**Question:** A patient with microcytic hypochromic anemia, Hb- 9%, serum iron is 20 ?/dl, ferritin level 800 ng/ml, transferrin percentage saturation is 64. What is possible diagnosis?

A. Iron deficiency anemia
B. Hemochromatosis
C. Sideroblastic anemia
D. Thalassemia

**Correct Answer:** D. Thalassemia

**Core Concept:** Microcytic hypochromic anemia refers to a type of anemia characterized by small and pale red blood cells. In this case, we are examining the patient's iron status markers:

1. Serum iron: 20 ?/dl - This is low, indicating reduced iron availability for hemoglobin synthesis.
2. Ferritin level: 800 ng/ml - This is high, suggesting excessive iron storage rather than deficiency.
3. Transferrin percentage saturation: 64% - This is normal, indicating adequate iron utilization for hemoglobin synthesis.

**Why the Correct Answer is Right:** Given the low serum iron and high ferritin levels, the diagnosis of iron deficiency anemia is less likely.
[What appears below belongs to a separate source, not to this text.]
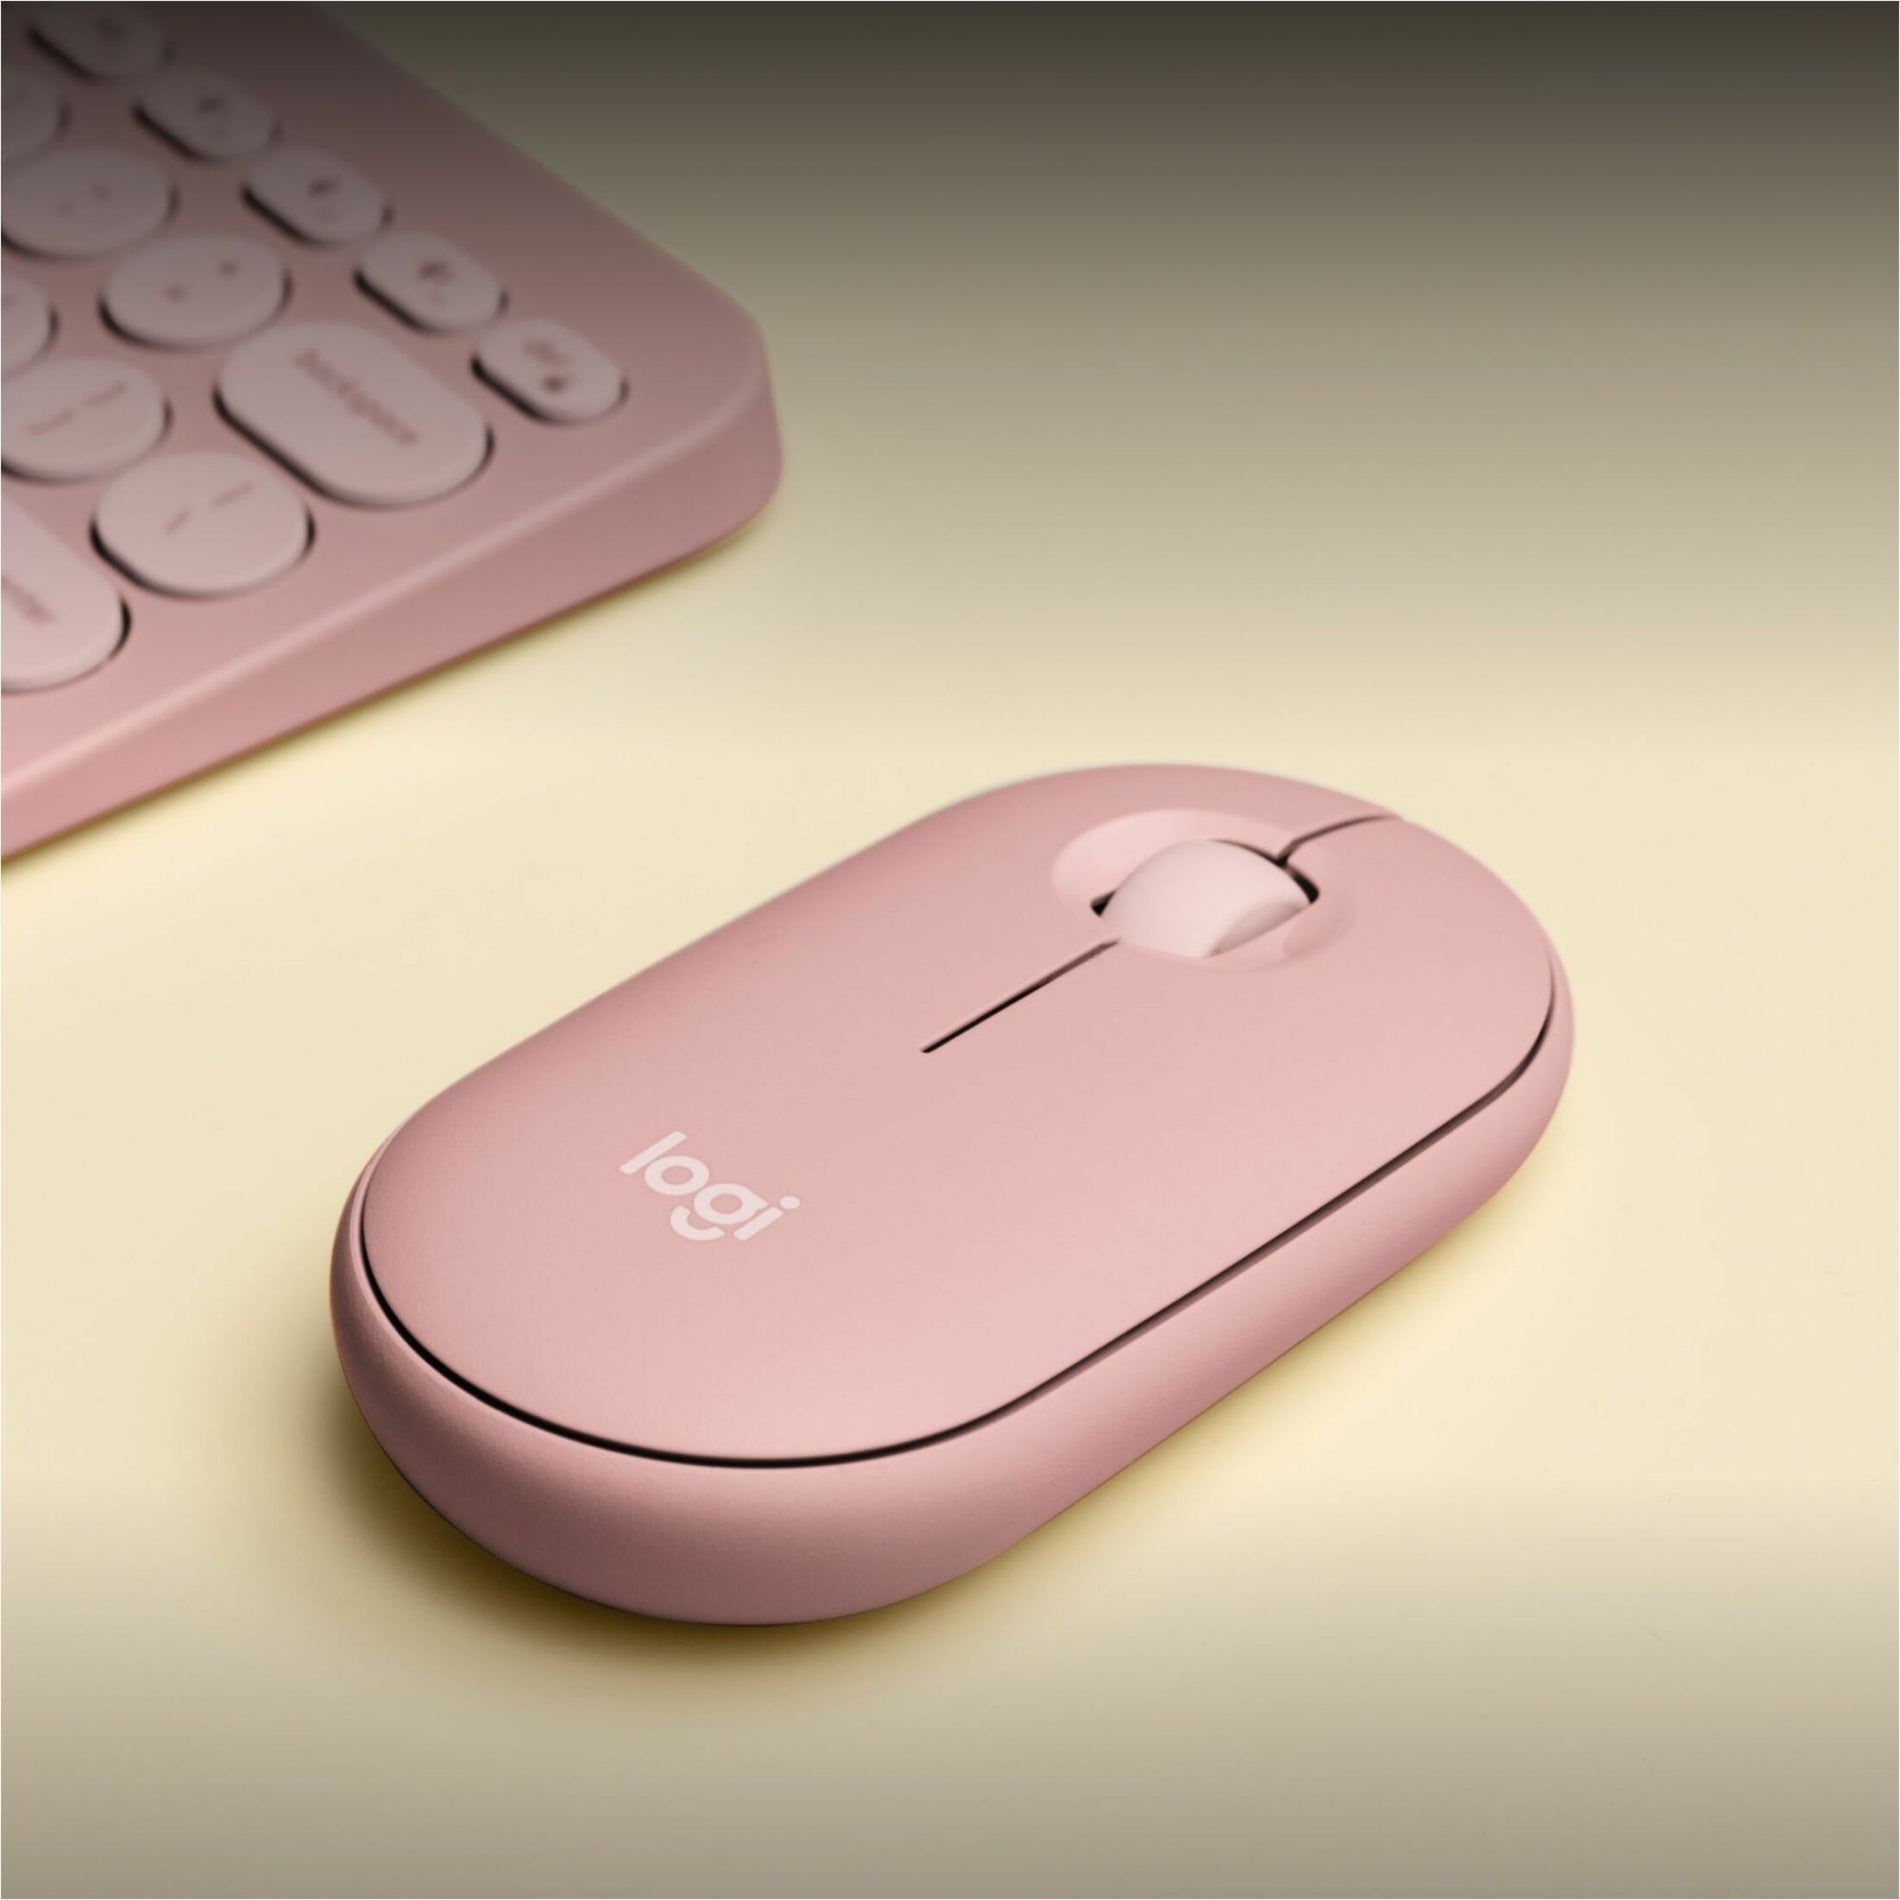 Logitech 910-007023 Pebble 2 M350s Mouse, Tonal Rose, Symmetrical Ergonomic Fit, Bluetooth Wireless

Instead, we focus on the patient's clinical presentation and laboratory findings that point towards a hereditary disorder affecting hemoglobin synthesis.

**Why Each Wrong Option is Incorrect:**

A. Iron deficiency anemia: The serum iron is low, but the ferritin level is normal, making this diagnosis less likely.
B. Hemochromatosis: The ferritin level is high, making this diagnosis unlikely.
C. Sideroblastic anemia: The ferritin level is high, making this diagnosis less likely.
D. Thalassemia: The combination of low serum iron and high ferritin levels, along with normal transferrin saturation, is consistent with thalassemia.
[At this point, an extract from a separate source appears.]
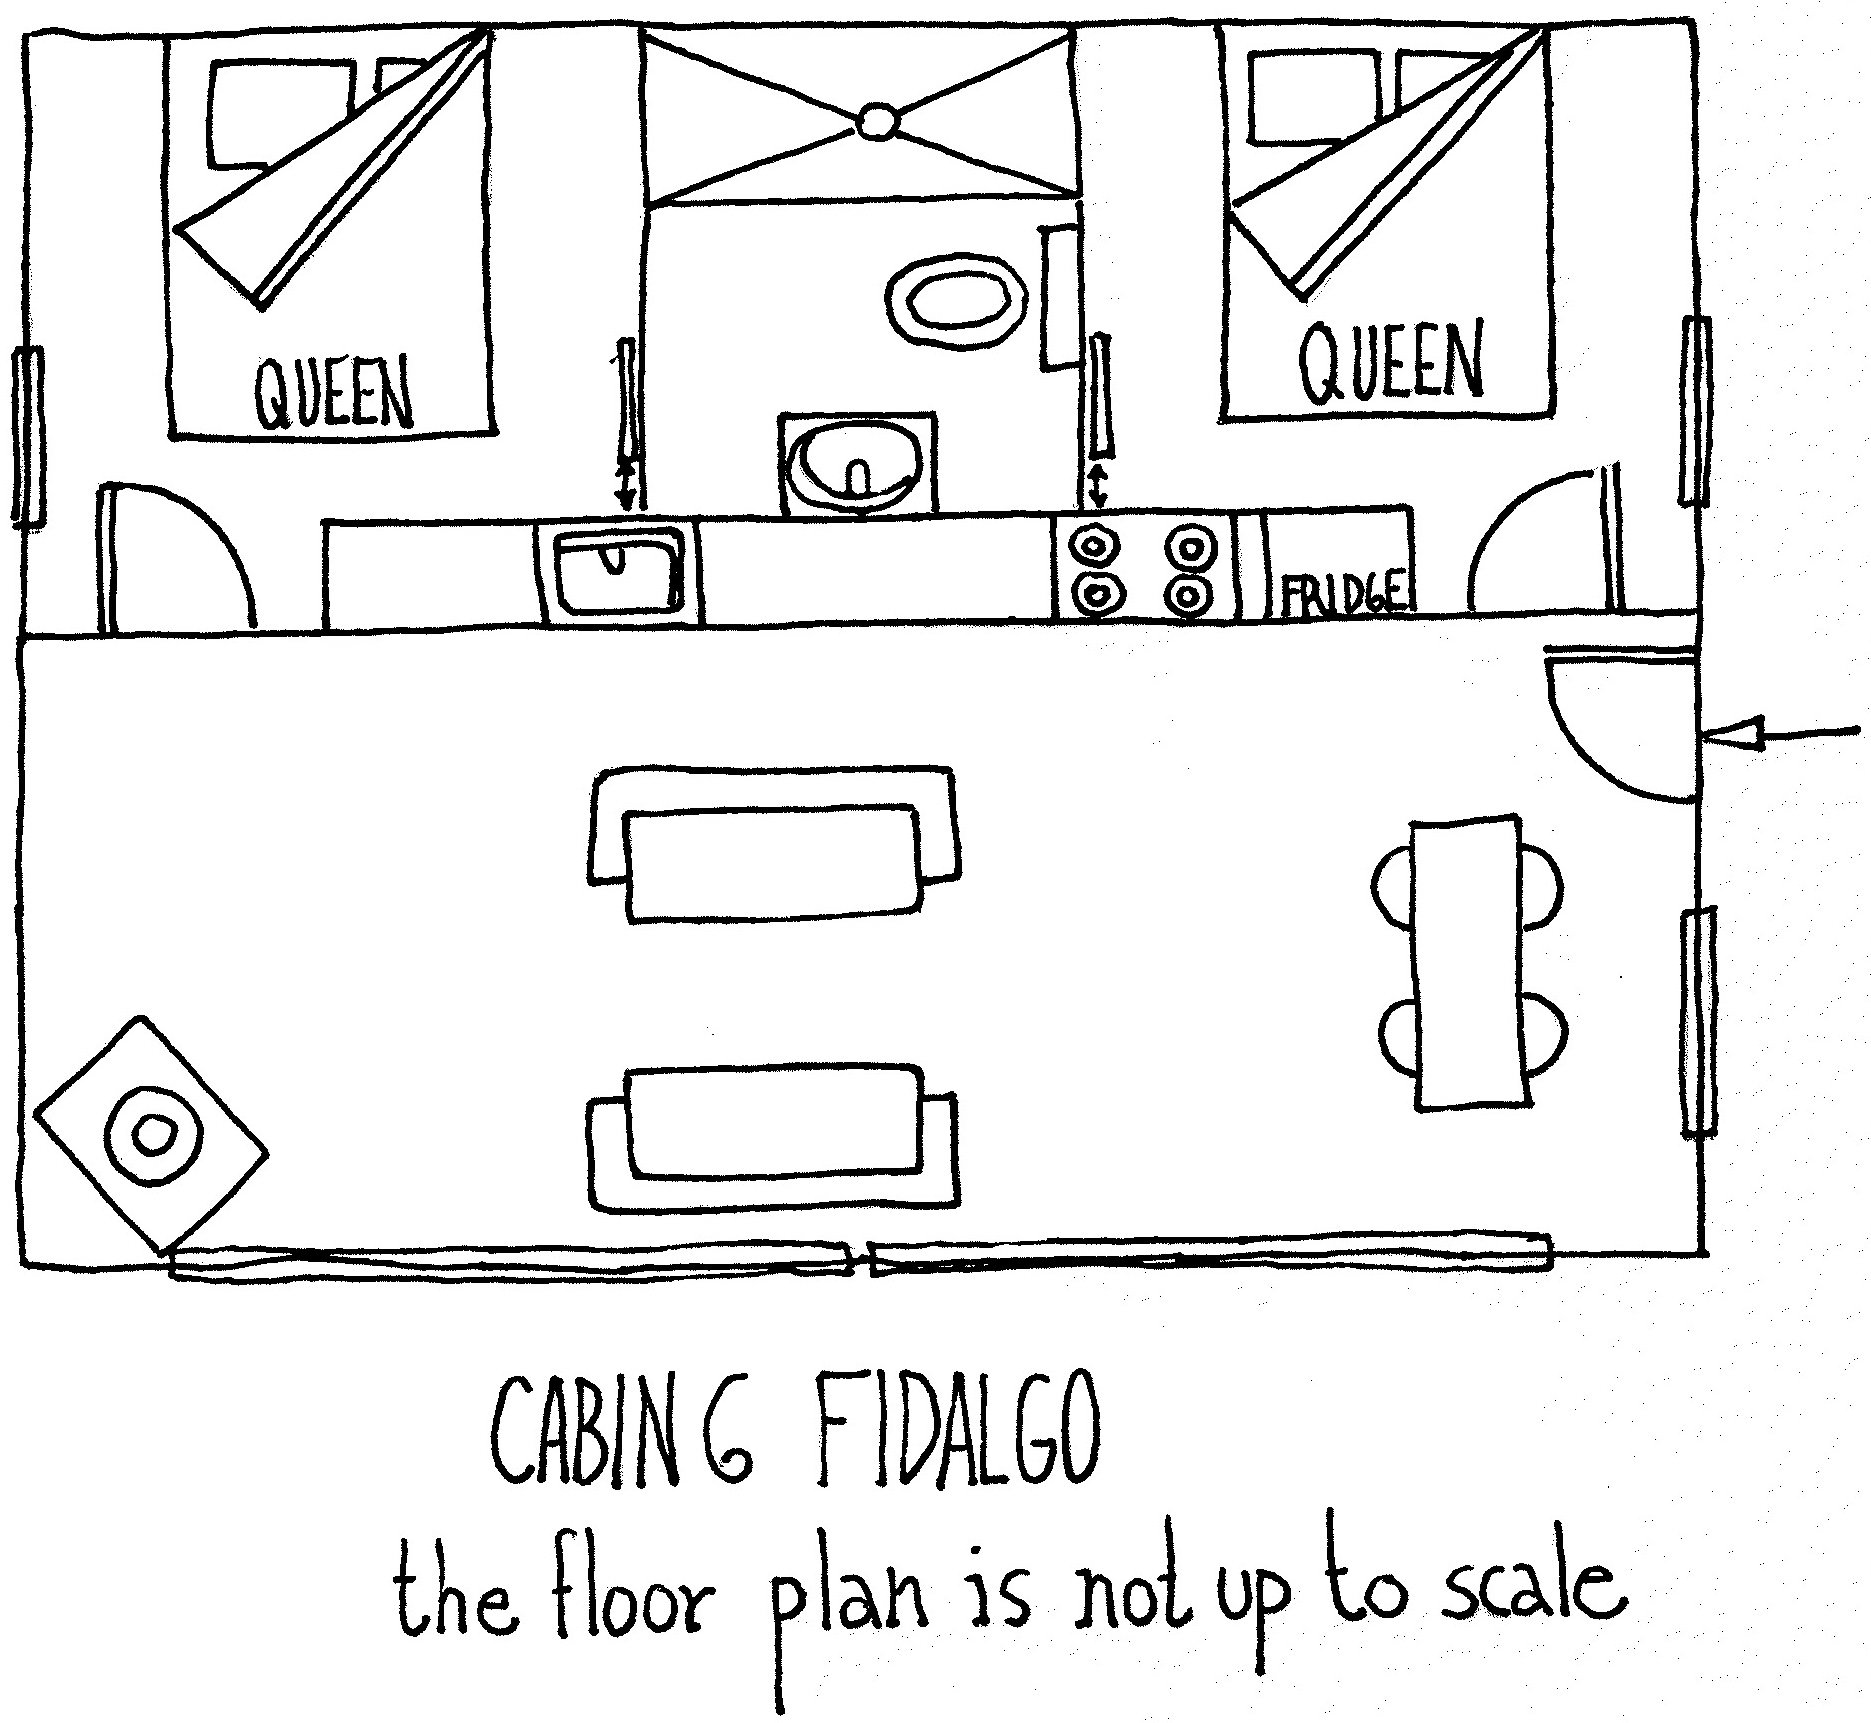 GIR Fidalgo Floorplan.jpg

**Clinical Pearl:** Thalassemia is a group of inherited disorders characterized by abnormal hemoglobin synthesis, leading to microcytic hypochromic anemia. The high ferritin level in this case indicates increased iron storage, which is a common feature of thalassemia. Clinical pearls related to thalassemia include:

1. Thalassemia minor: heterozygous carriers of thalassemia may present with mild anemia and increased iron storage.
2. Chloroquine therapy: This is used for prophylaxis and treatment of malaria, but can exacerbate thalassemia by causing hemolysis and worsening anemia in affected patients.
3. Transfusion therapy: Regular transfusions are often required in severe thalassemia to maintain hemoglobin levels and prevent complications like organ enlargement and cardiovascular failure.